Снег посыпался. Матрена закрыла нос ладонью. Дышит в варежку. Деревья в темноте срастаются друг с другом. Вокруг луны белый дым, и луна сквозь него в собирающуюся темень желтым глазом смотрит.

Матрена шла почти на ощупь, слушала свои шаги. Доктор забывался, словно его, как и лес, заносило снегом. Только шаги отзывались болью в голове и хотелось спать.

Перед спуском в деревню сгустилась особенная темнота, но скоро через просветы в деревьях замелькали над домами столбики дыма, кое-где горел в окнах свет.

– Маря потерялась. Аня дома, а Мари – нет, в лес убежала. Кругом искали, – выскочила на Матрену белым лицом соседка Вера.

Сердце почти остановилось. Так лавина начинается со снежной пыли.

И уже не понимая обрушивающихся на нее слов, побежала Матрена обратно в лес, в страшную ночную тишину, туда, где плачет глупенькая Маря, и Матрена не знает где. Ей казалось, что Маря повсюду, но Мари нигде не было.
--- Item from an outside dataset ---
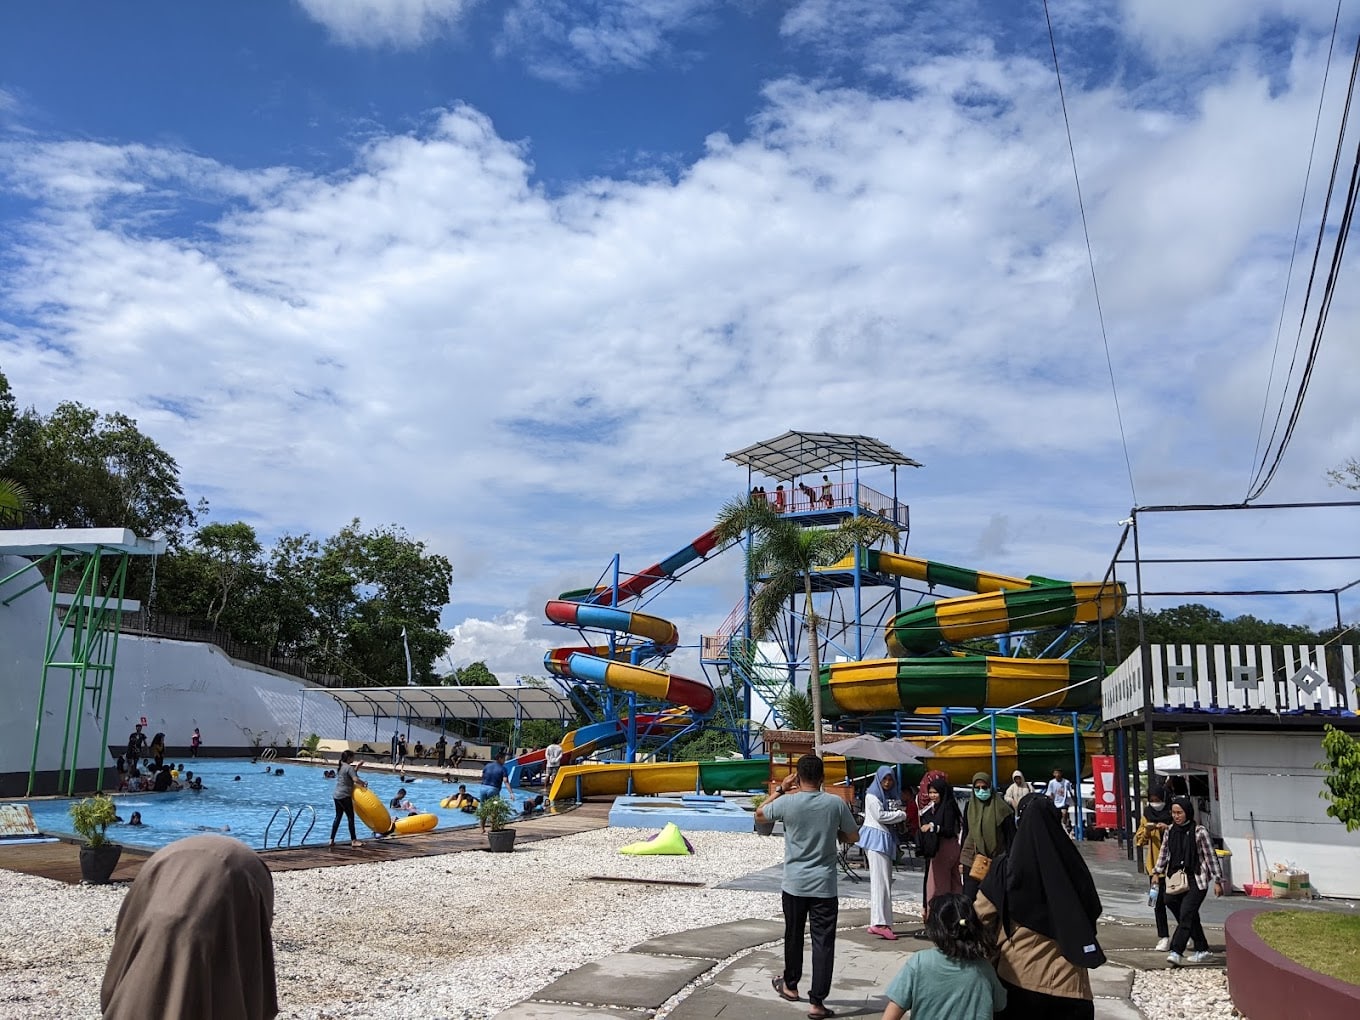 Bukit Bintang Park and Resort

Матрена плутала по лесу, как потерявшаяся корова, бессмысленно, звеня отчаянием, как колокольчиком. Она просила того, кто сидит над звездами, пожалеть ее, избавить от этого горя, но лес был темен и тих, и звезды темны и тихи, и небо, и все вокруг.

Когда закончились силы ходить, села в снег и завыла. И если бы не Аня, то легла бы в сырое, холодное и не встала бы никогда.

Снег успокоился. Было тихо, хорошо, как на новогодней открытке, только фельдшерский дом смотрел на Матрену мертвыми темными окнами. Она шла навстречу этой страшной тишине, стучали зубы, дрожало все тело. «Не давала им синюю бархатную бумагу трогать. Ничего у них не было, а я ругала, не трогайте, не берите». И следом про доктора, как ничего не ответила на его вопрос о детях.

– Это Бог наказал. Меня Бог наказал, – повторяла Матрена и била себя по губам.